▶ **What to work on**: Include the line containing "Vintage 80s gingham dirndl cottagecore dress" and every line after it up to the end of the material below; reproduce them exactly and drop the pictures.

▶ **Collected data**:

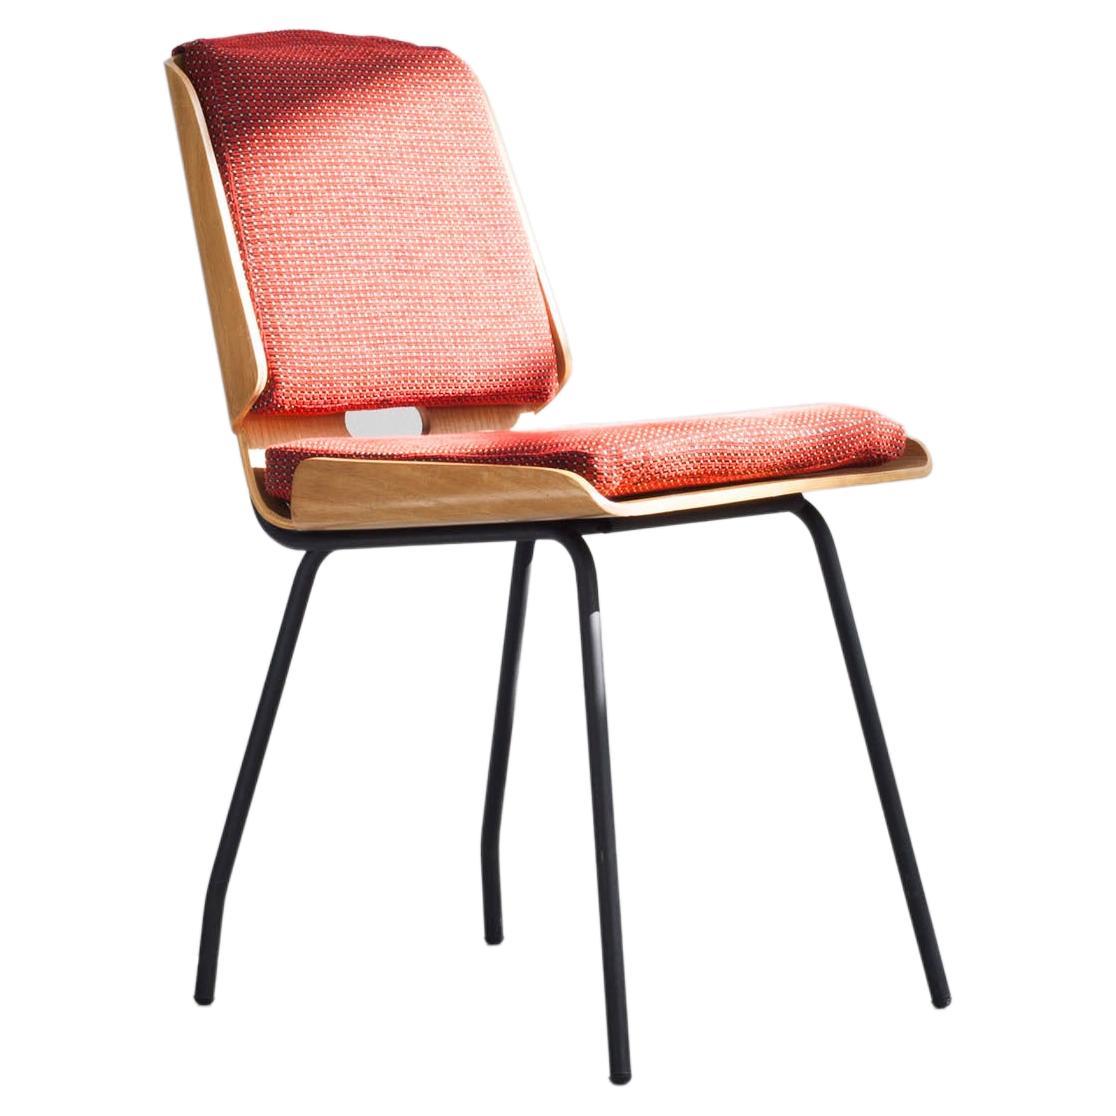  Von Giancarlo De Carlo entworfen und 1954 von Arflex hergestellter Stuhl.
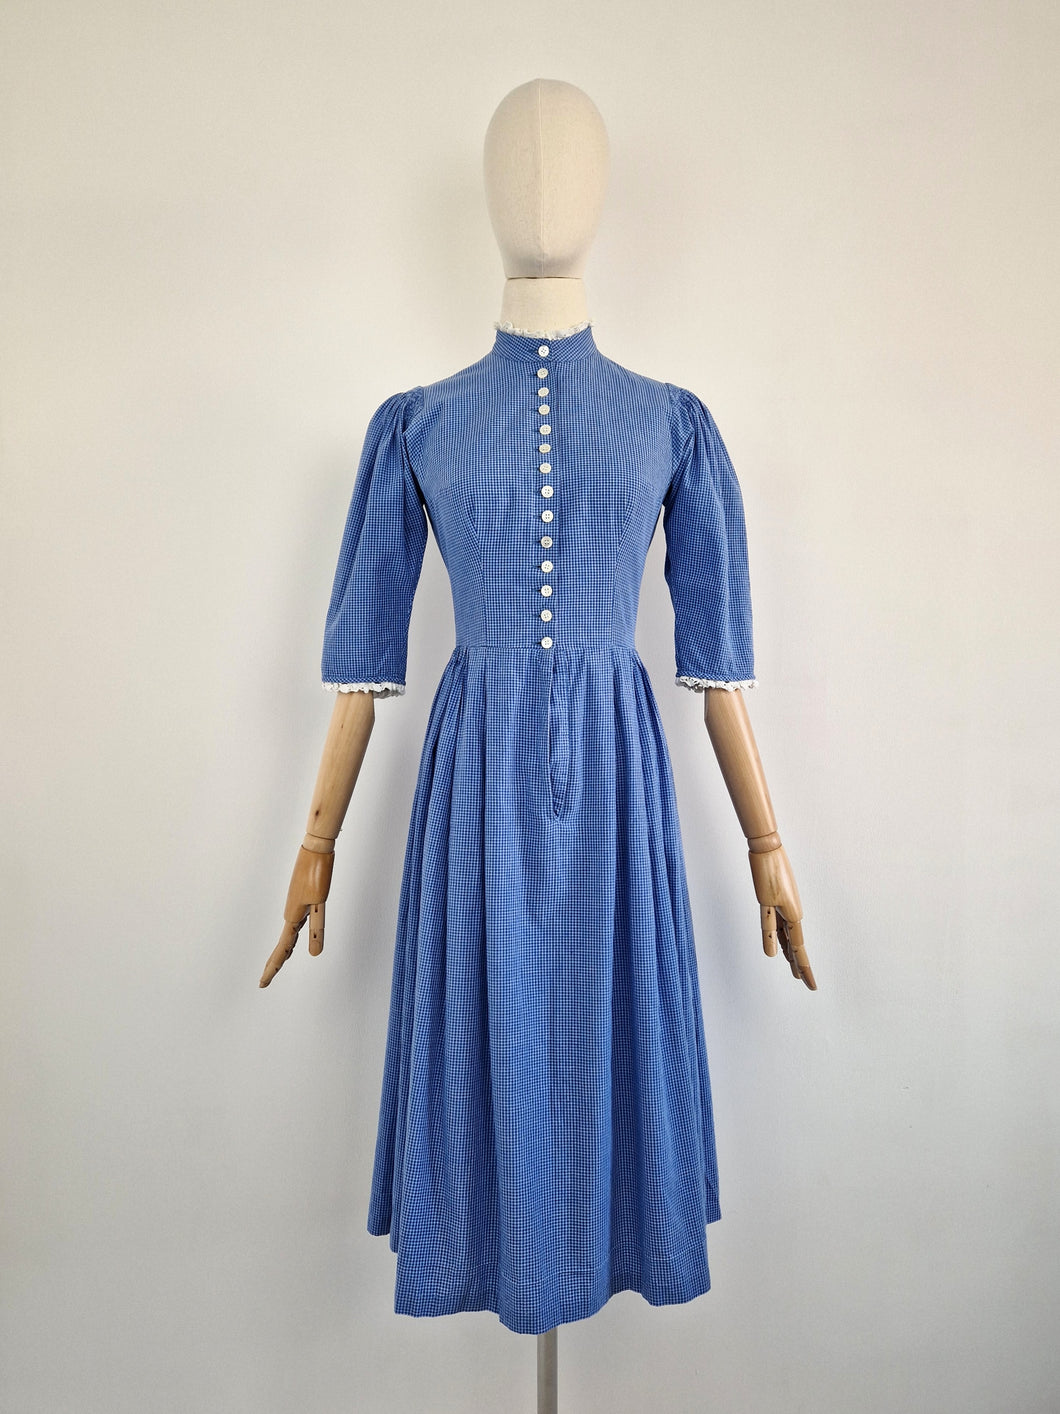 Vintage 80s gingham dirndl cottagecore dress
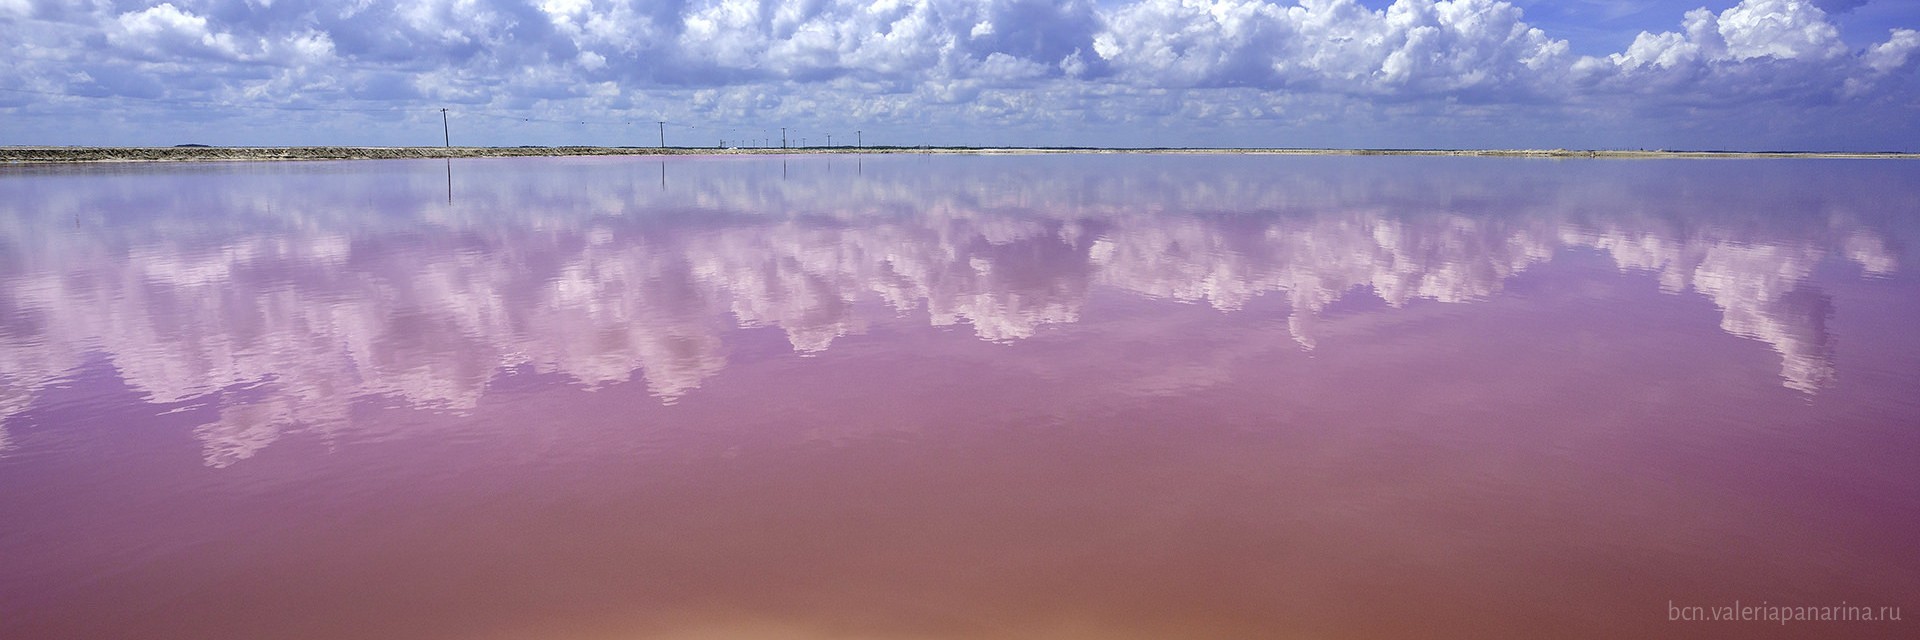 Уникальный природный СПА-комплекс Розового озера

▶ **Problem solution**:
 Vintage 80s gingham dirndl cottagecore dress
 Уникальный природный СПА-комплекс Розового озера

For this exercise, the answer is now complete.